The ‘Gross Method’ (in Japanese the ‘総額法’ or ‘sougakuhou’):  The investors share of the underlying assets and liabilities and income and expenses of the NK are fully grossed up in the investor’s balance sheet and profit and loss account, following applicable Japanese GAAP principles for each accounting line item concerned.  Effectively this treatment is very similar to consolidation, albeit without the recognition of minority interest.

The ‘Compromise Method’:  As the name suggests, this method is a compromise between the Net Method and the Gross Method.  Only items in the investor’s profit and loss account are grossed up.  The NK interest is shown on one line of the balance sheet as an investment.

Consolidation of interests in a nin’i kumiai

An investor in an NK should also consider whether or not he has an obligation to fully consolidate the underlying activities of the NK.

The scope of entities covered by the Japanese accounting standards and related guidelines relating to consolidation include not only subsidiary and affiliated companies but also partnerships.  An NK investor should examine their rights under the NK Contract and consider whether they meet the ‘Control Standard’ or ‘Influence Standard’ thresholds defined for accounting consolidation purposes under Japanese GAAP.
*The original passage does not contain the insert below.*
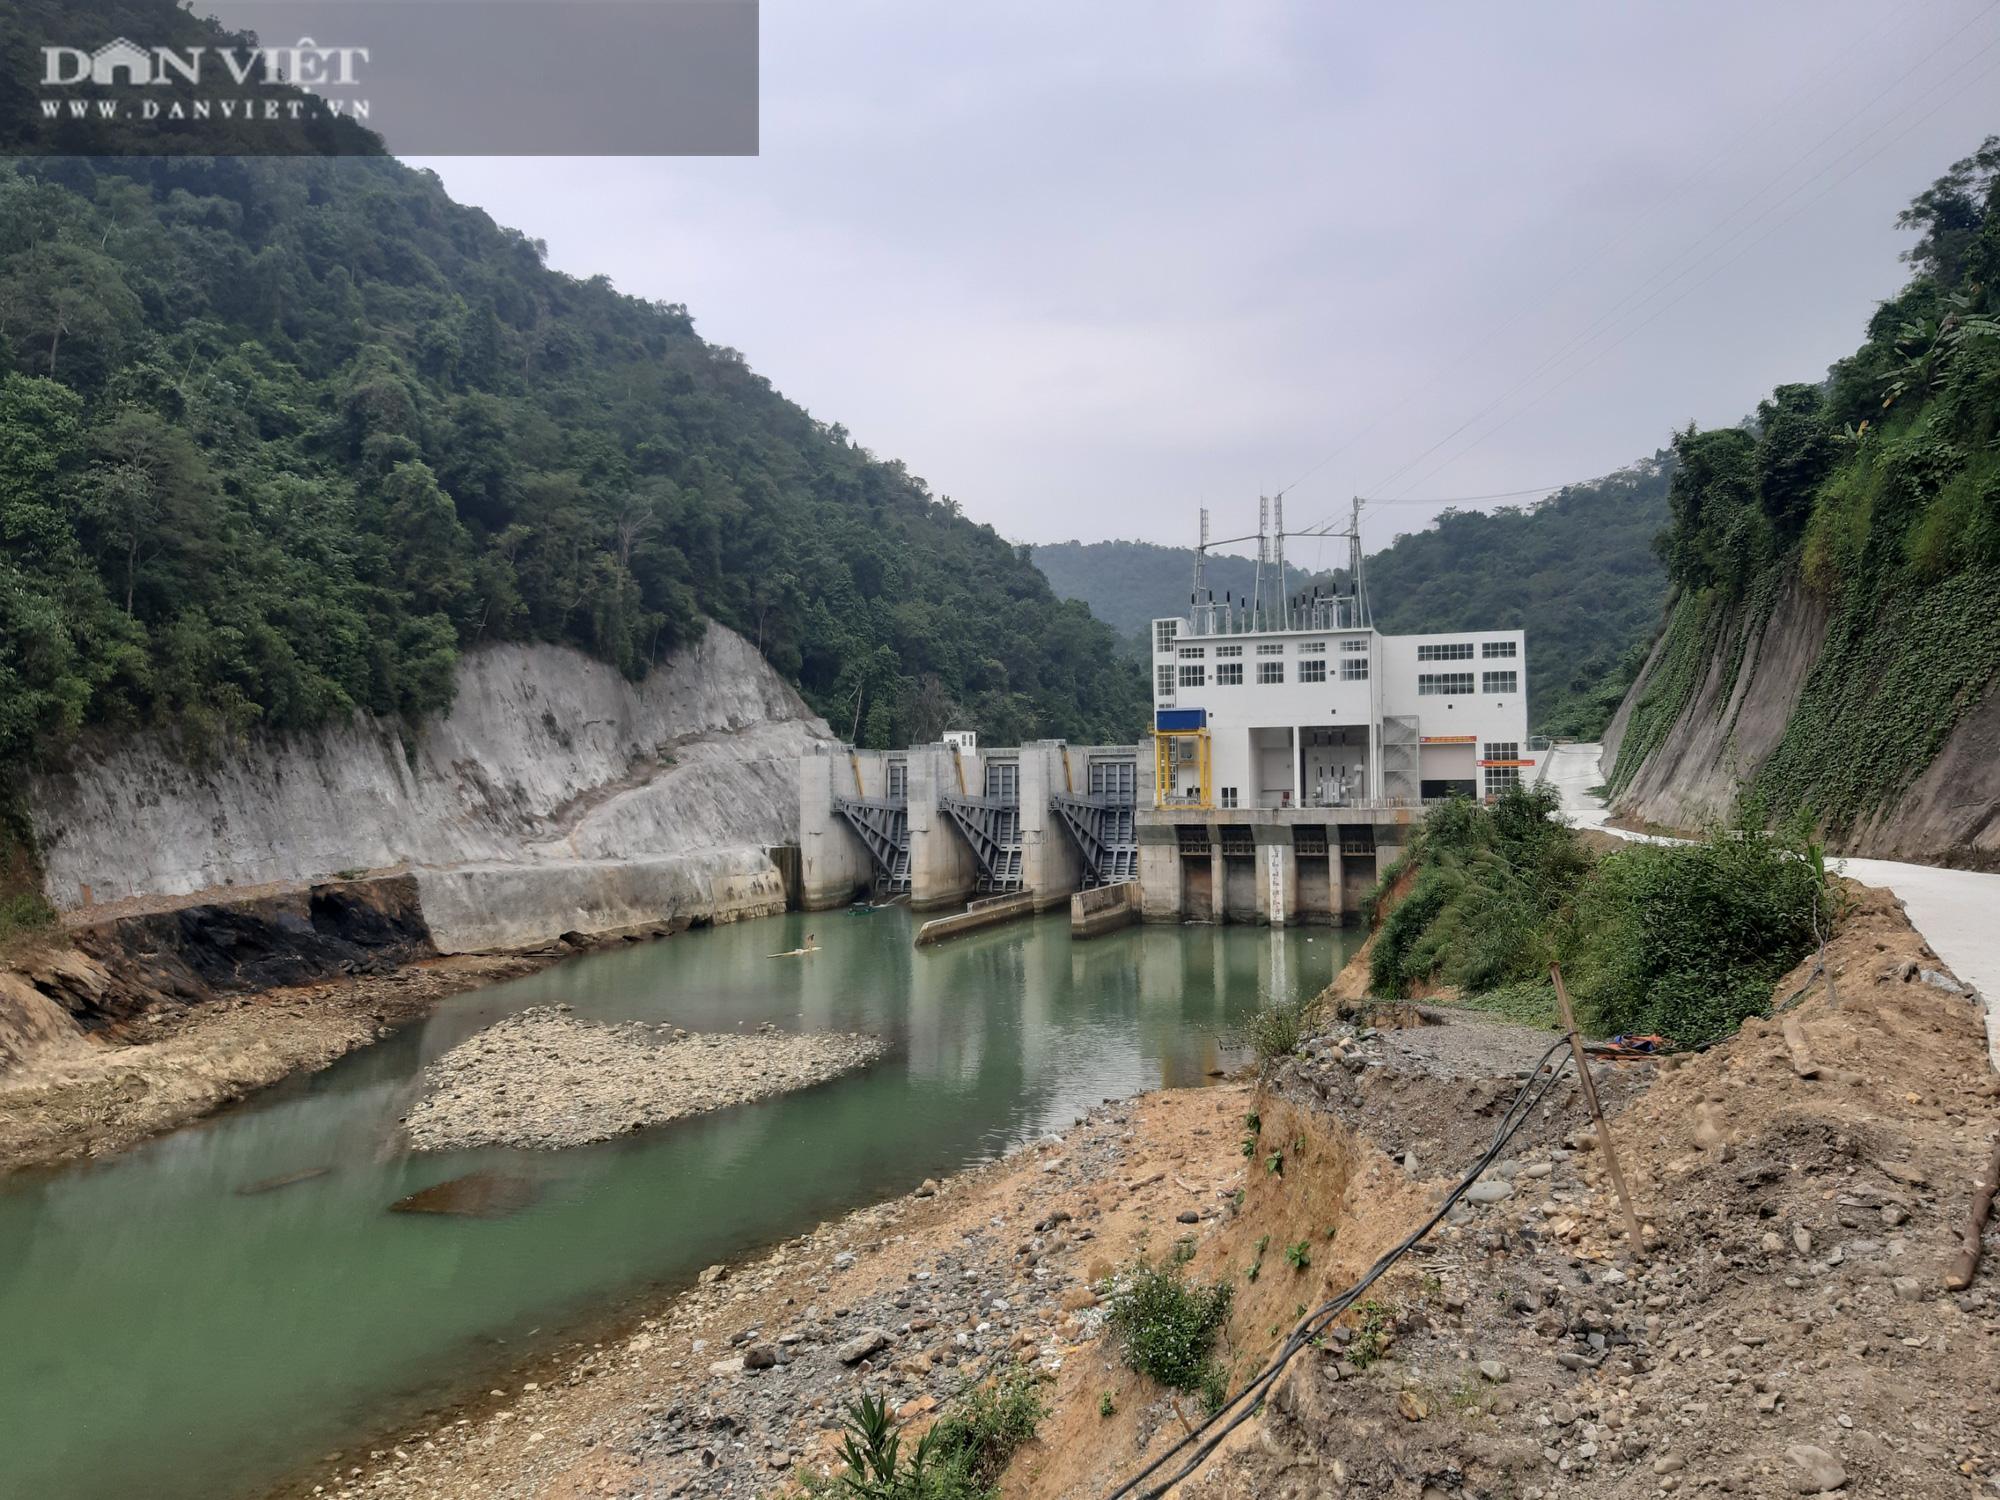 Thủy điện nhỏ tiềm ẩn hiểm họa lớn (Bài 3): Thủy điện gây sạt lở và ô nhiễm nguồn nước - Ảnh 5.
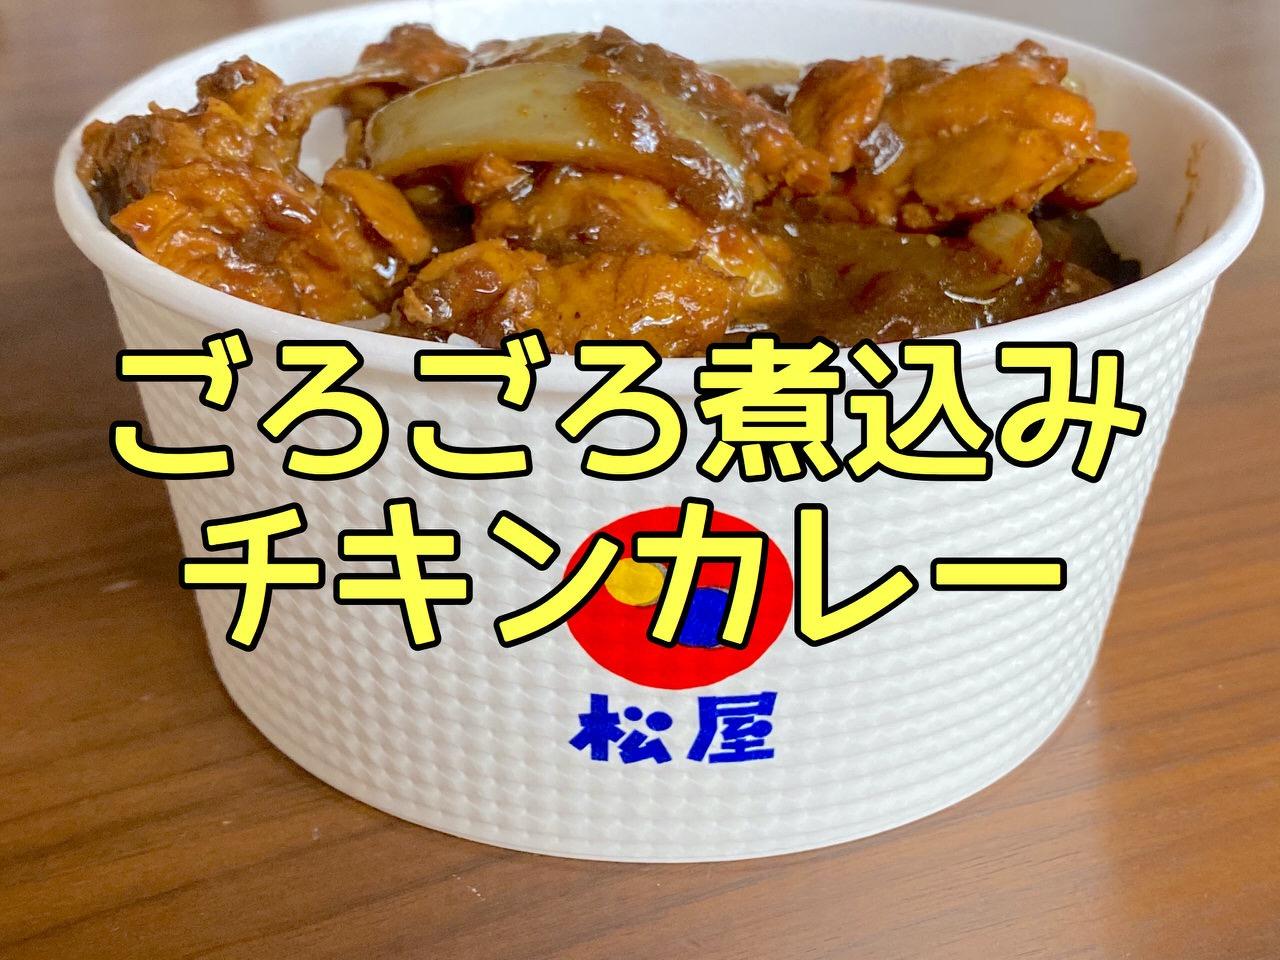 【松屋】「ごろごろ煮込みチキンカレー」をテイクアウトして食べてみた!【限定復活】

The Japanese accounting standards board has also issued specific consolidation standards to apply to defined ‘Investment Business Partnerships’ (in Japanese ‘投資事業組合’ or ‘toushi jigyou kumiai’).  These rules (the ‘Handling of the Practical Application of the Control and Influence Standards to the Investment Business Partnerships’ – link in Japanese) recognize that in assessing whether consolidation is required then not only the decision making authority attributable to the investor from his rights under the NK Contract should be considered, but also the extent to which an investor may bear economic gain or loss from the NK should be taken into account.  The existence of this standard implies that these matters should also be considered when looking at other NK contracts.

Finally, if the assets of the NK include shares in a company, consideration should also be given to whether the Control or Influence Standards for consolidation are met when applied at the company level.